Mark Keierleber, LA School Report
Public opinion on charter schools has grown polarized as the number of people who either support or oppose the schools has increased, according to a new poll released Tuesday by the journal Education Next. Much of the opposition is being levied by Democrats at a time when party leaders and 2020 presidential contenders have become increasingly skeptical of charters.
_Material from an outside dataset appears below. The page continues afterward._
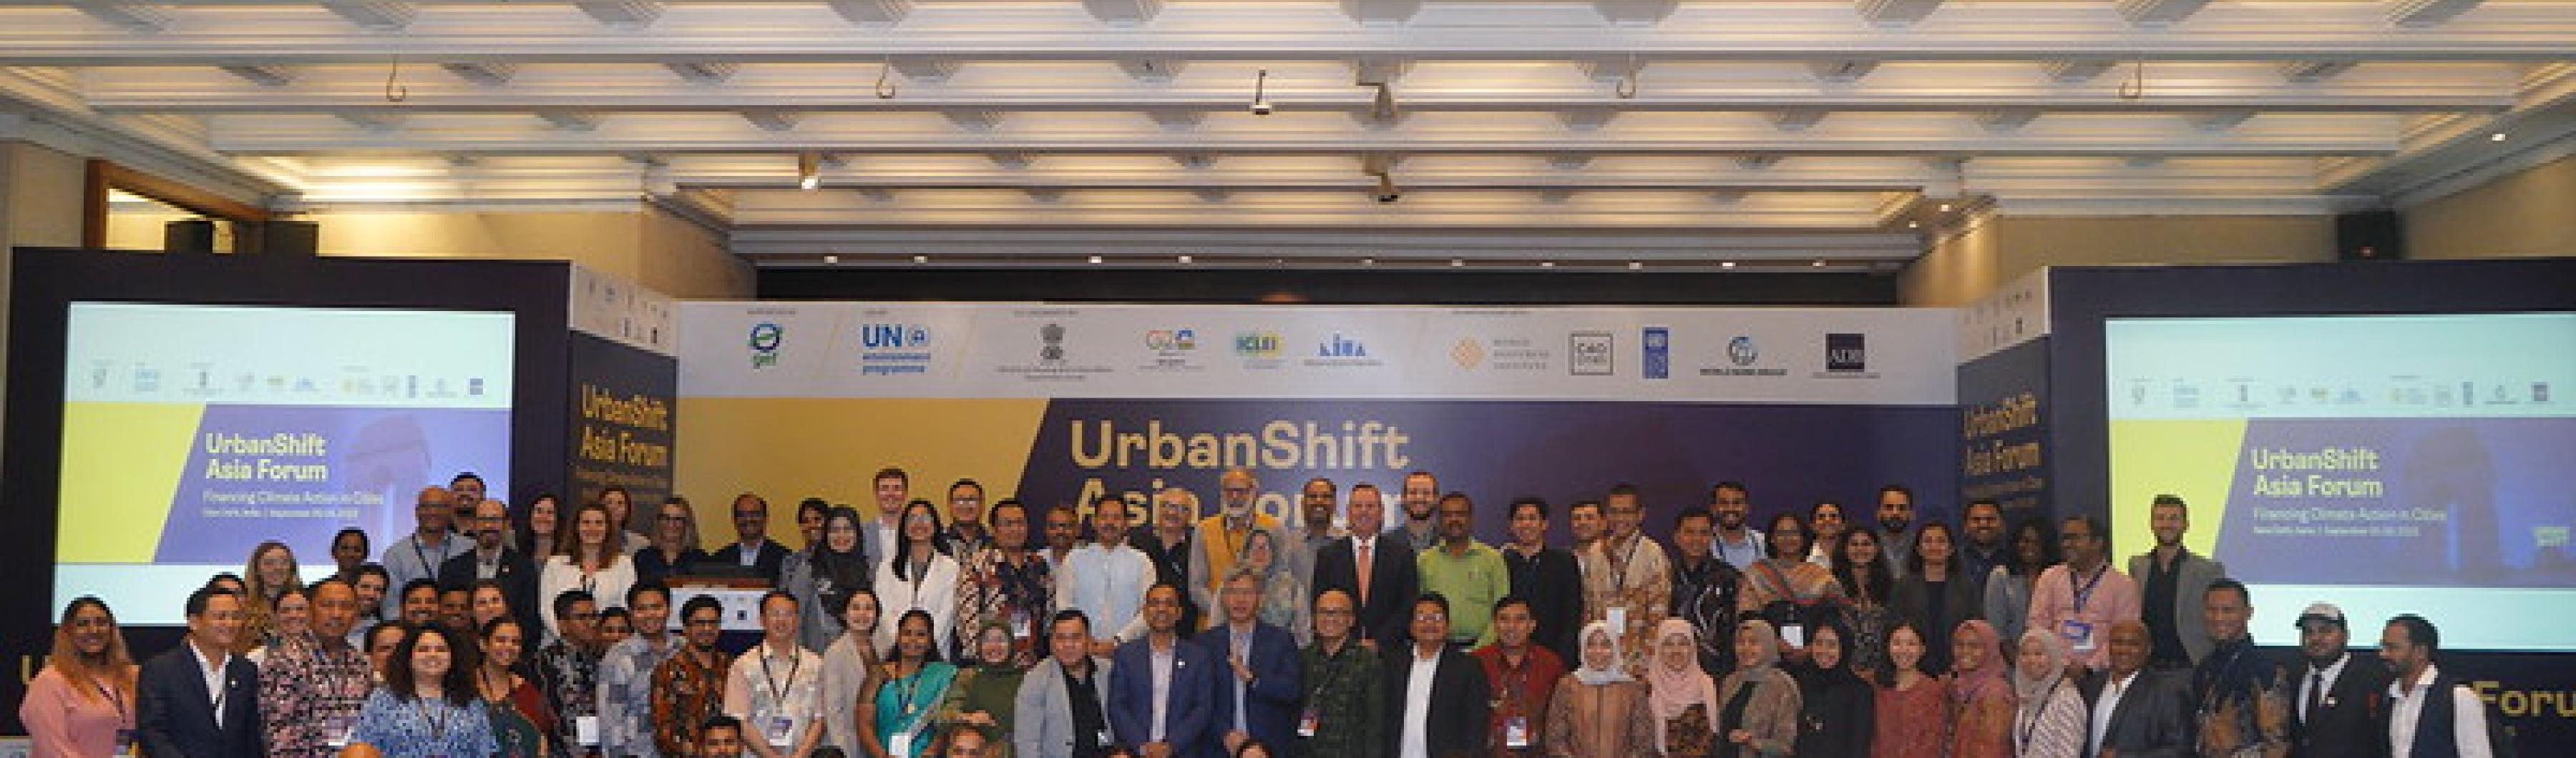 Les participants au forum asiatique UrbanShift se réunissent pour une photo de groupe

California may tighten background checks, credentials for charter school teachers

Diana Lambert, EdSource
California charter school teachers don’t always have a teaching credential or the federal background checks required of teachers in traditional public schools. Currently, 1,118 California charter school teachers do not have any type of teaching credential or permit, including a Certificate of Clearance, according to the California Department of Education. The certificate is issued after a teacher candidate is fingerprinted and given a background check by both the California Department of Justice and the Federal Bureau of Investigation. Anyone who has been convicted of serious and violent felonies, including murder, rape or sexual abuse of a minor, cannot obtain a credential to work in a school.

Other News of Note

March for our lives, no longer protesting in streets, unveils gun control plan

Brakkton Booker, NPR
With their hopes fading that lawmakers in Washington will pass new gun safety measures, young activists from March for Our Lives have their own plans on how to stem gun violence. The proposal, called A Peace Plan for a Safer America, comes a little more than two weeks after a pair of mass shootings claimed the lives of 31 people and injured dozens more in El Paso, Texas, and Dayton, Ohio. In the days after those shootings, President Trump signaled there was “a very strong appetite for background checks” on people seeking to purchase firearms. But there are reports the president has either lost interest in the matter or changed his mind. Organizers with March for Our Lives say there needs to be a greater urgency by elected officials to protect American lives. They see the gun issue as both a crisis and a cause for the federal government to declare a national emergency. The plan is aimed at candidates seeking federal office, including President Trump and his 2020 Democratic presidential challengers.